How are adverse effects defined by other regulatory agencies? The US EPA characterizes an adverse effect as any “biochemical change, functional impairment, or pathologic lesion that affects the performance of the whole organism, or reduces an organism’s ability to respond to an additional environmental challenge” [37]. Other international regulatory agencies use the definition put forth by the Organization for Economic Co-operation and Development (OECD): “a change in morphology, physiology, growth, development or lifespan of an organism which results in impairment of functional capacity or impairment of capacity to compensate for additional stress or increase in susceptibility to the harmful effects of other environmental influences” [38]. Thus, defining an “adverse effect” has not prevented other agencies from identifying hazards, or understanding never-before-seen health effects as they arise, and FDA should be similarly transparent and science-based.

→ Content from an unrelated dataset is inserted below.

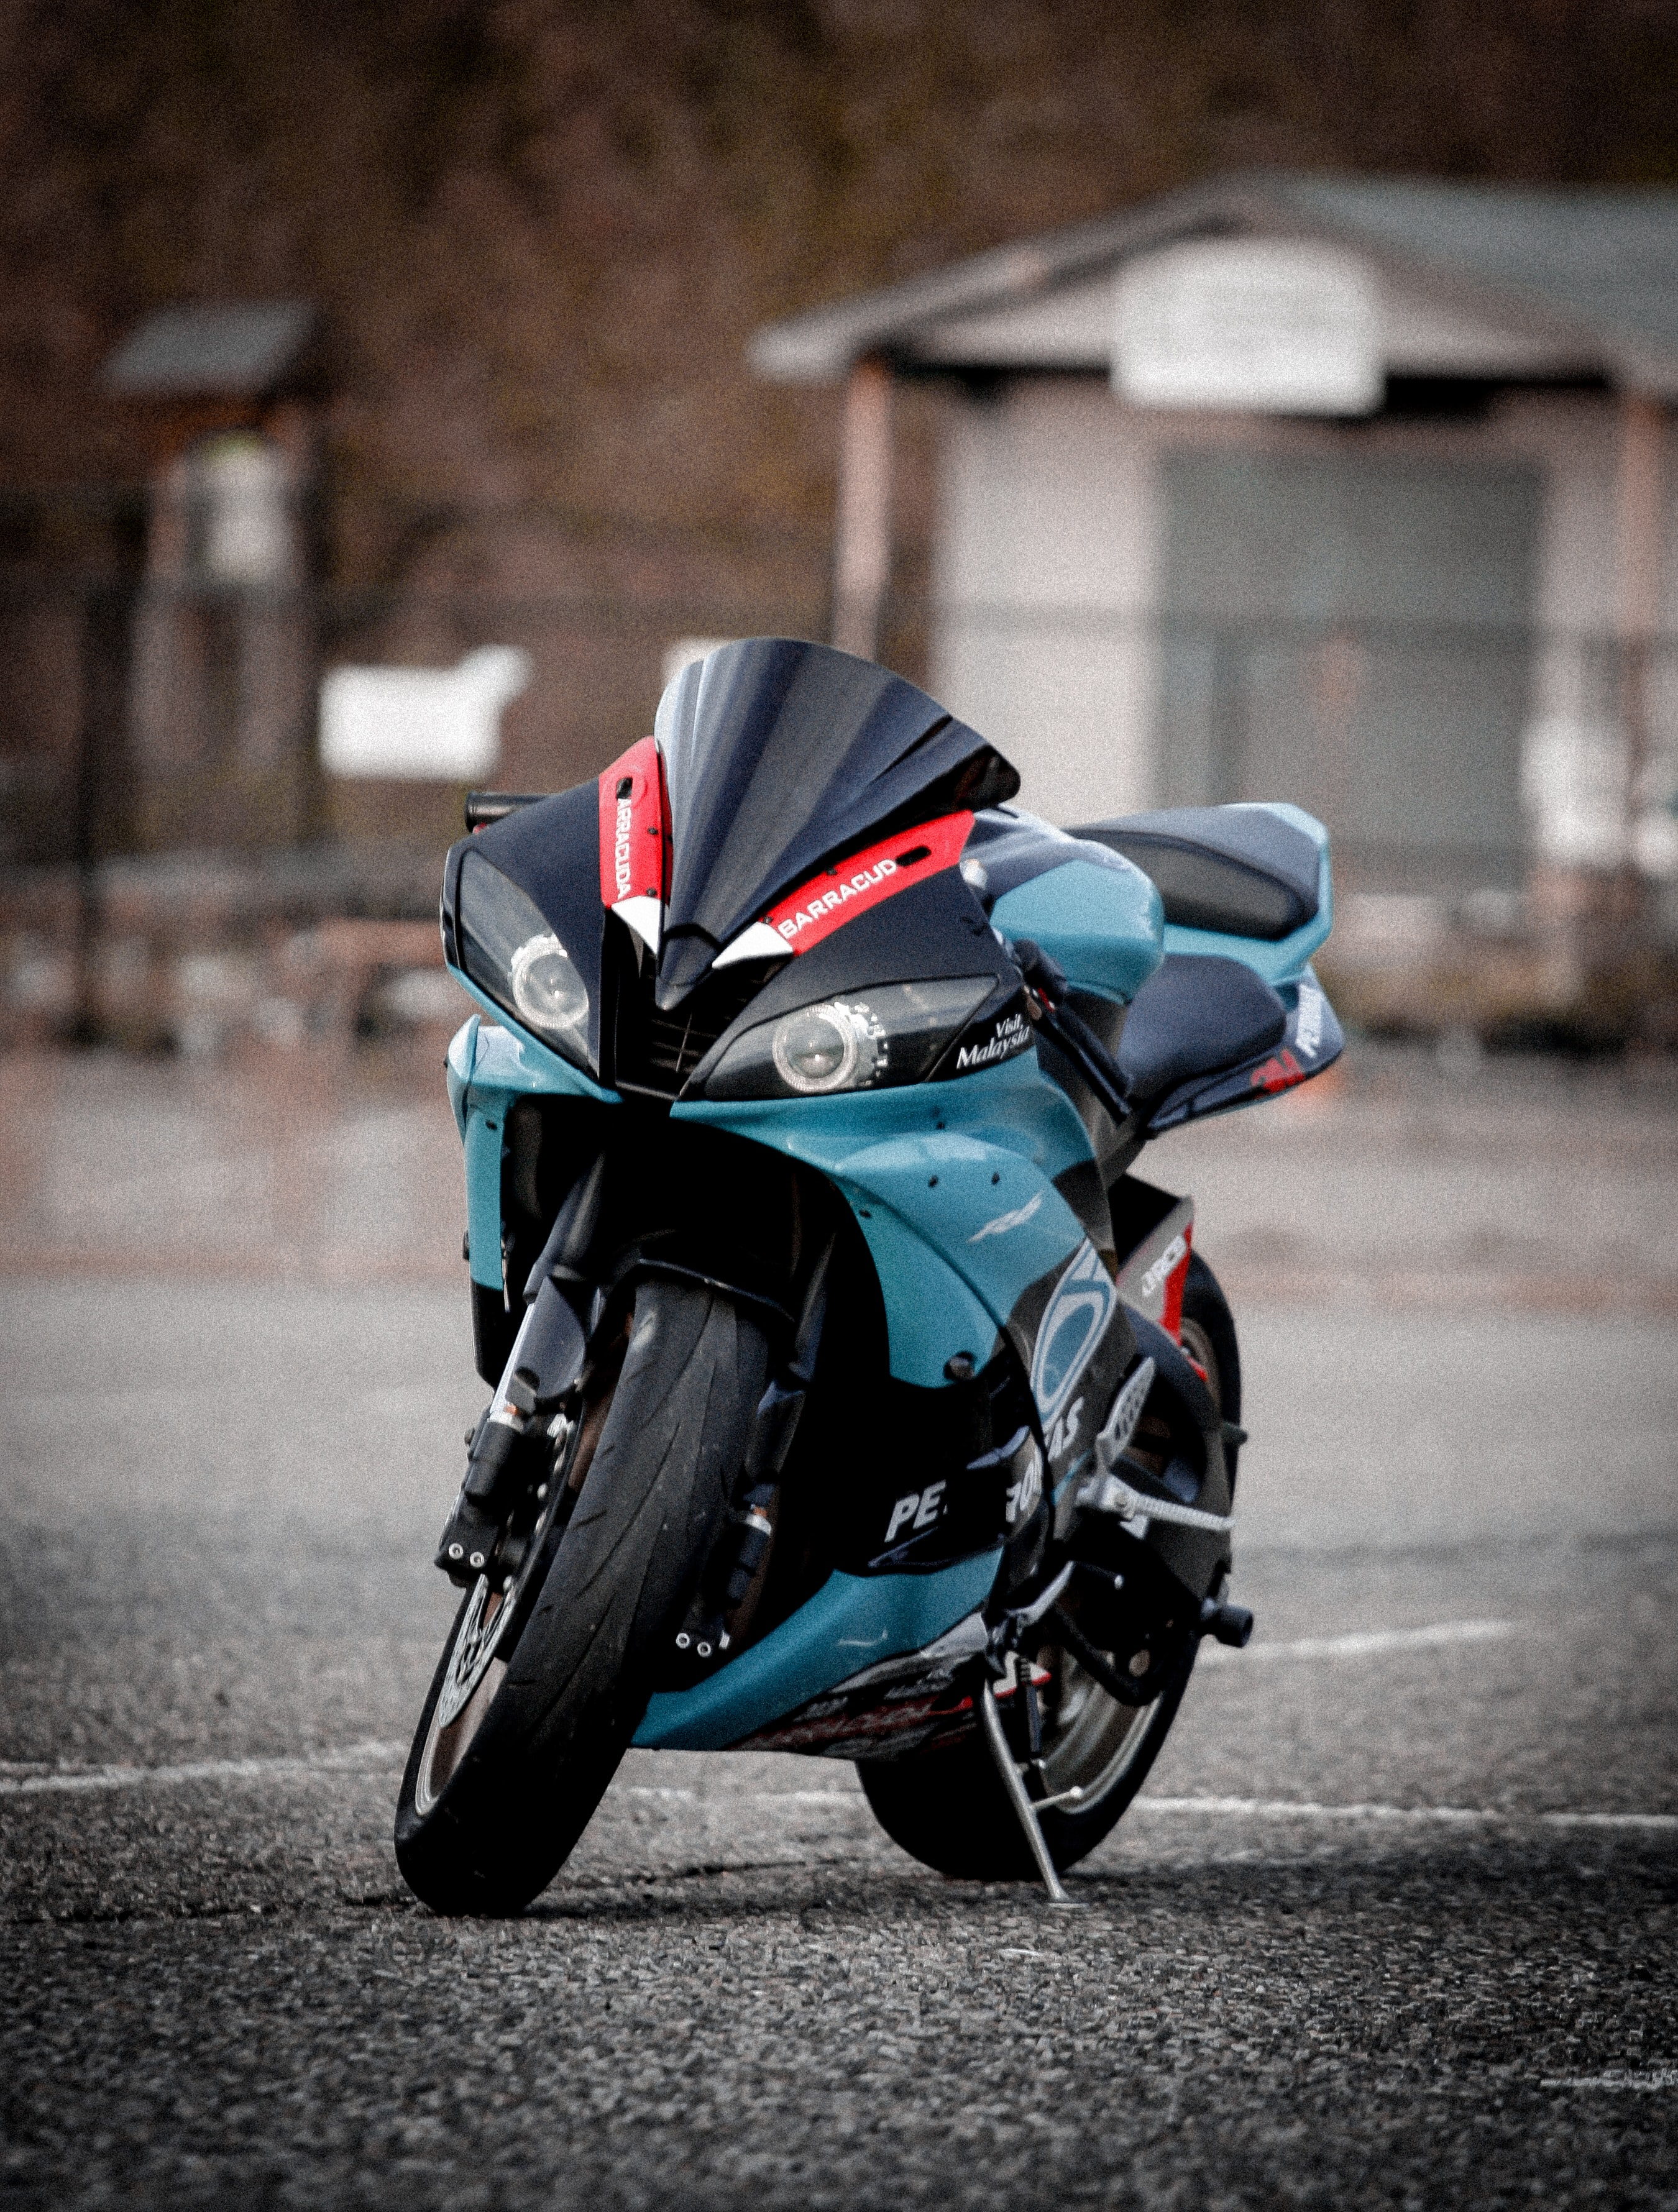 bike, motorcycles, motorcycle, sport bike, blue, front view, sportbike

There are many steps that the FDA, and other regulatory agencies, must take to improve chemical safety assessments and risk assessments to protect the public from hazardous agents in food. These include identifying the most sensitive, disease-relevant outcomes measurable in experimental studies [39]; changing practices with regard to the reliance on historical controls, which are often used to dismiss effects of environmental chemicals [40]; abolishing the use of “experts” hired by the chemical manufacturer, and thus relying on individuals with financial conflicts of interest to declare food chemicals “generally recognized as safe”, even in the absence of toxicity data [41]; and implementing strategies to consider the cumulative effects of chemicals, i.e., where multiple chemicals affect common outcomes or the same chemical is present in many products [42]. There is also a need for the FDA to be transparent in the agency’s decision-making processes, publish guidelines for how the agency will assess data and deal with data gaps, and develop improved techniques to systematically review the available literature and use all data in decision-making processes.

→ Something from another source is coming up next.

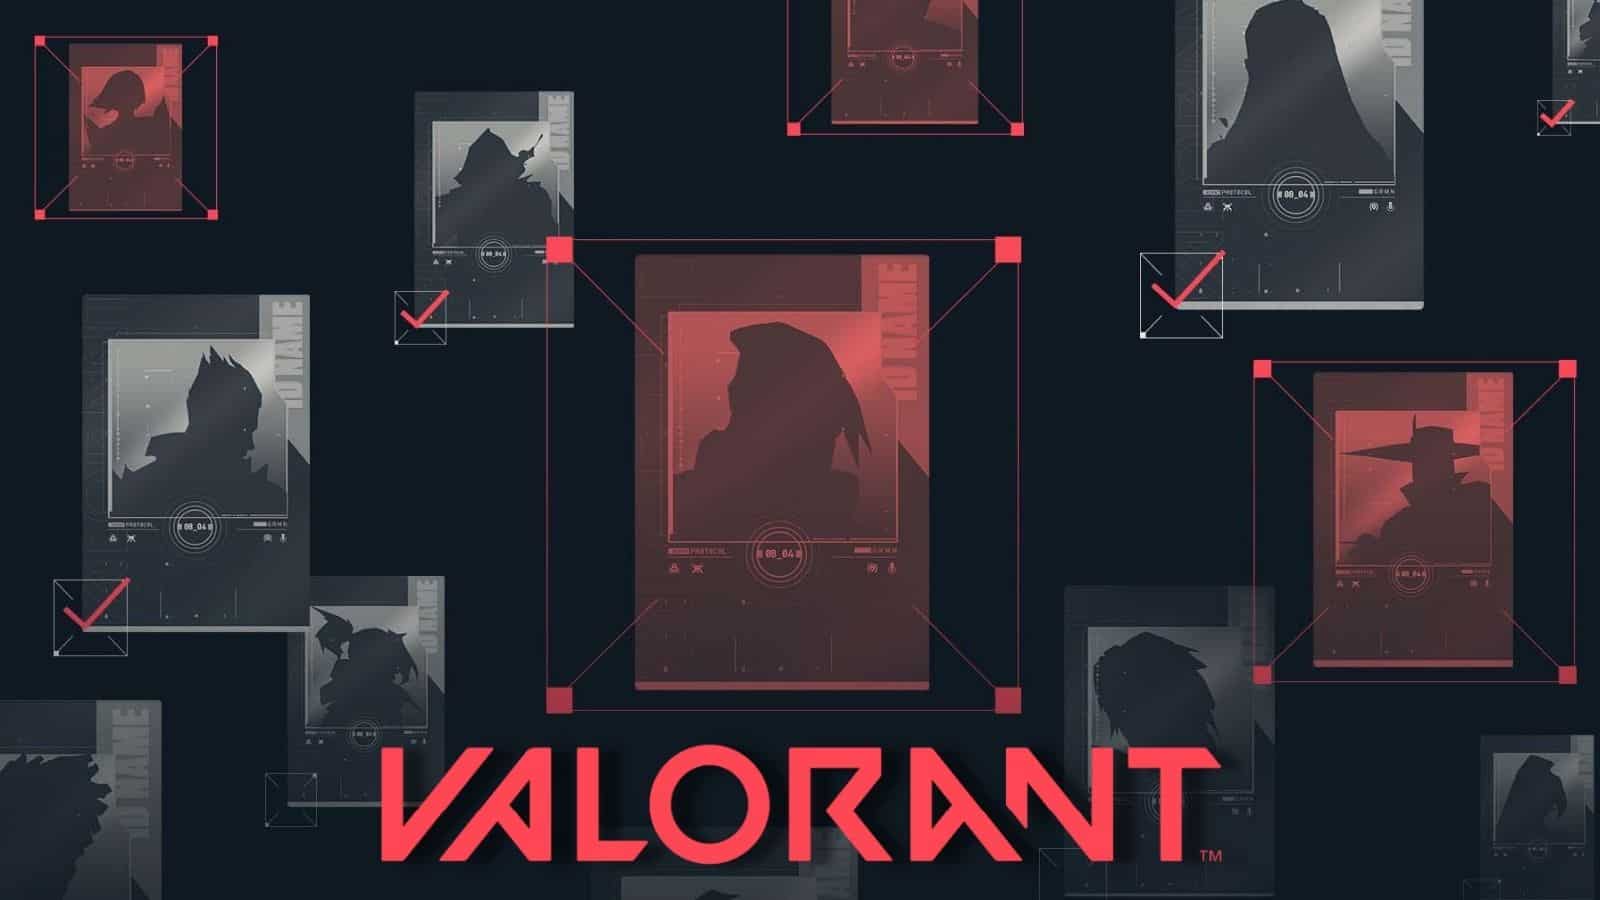 Prime Gaming - Valorant

It is also clear that the FDA uses very different approaches to evaluate safety of chemicals depending on how they are intended to be used: non-monotonicity is understood in the context of drugs (e.g., Lupron and tamoxifen), but dismissed in the context of food chemicals; outcomes that would be considered adverse “side effects” requiring disclosure to patient administered drugs (e.g., nausea, diarrhea, blurred vision, and respiratory distress) are not automatically considered adverse if induced by food chemicals. This disconnect between the two sides of this federal agency argues against their claim of decision-making that is objective and based on science.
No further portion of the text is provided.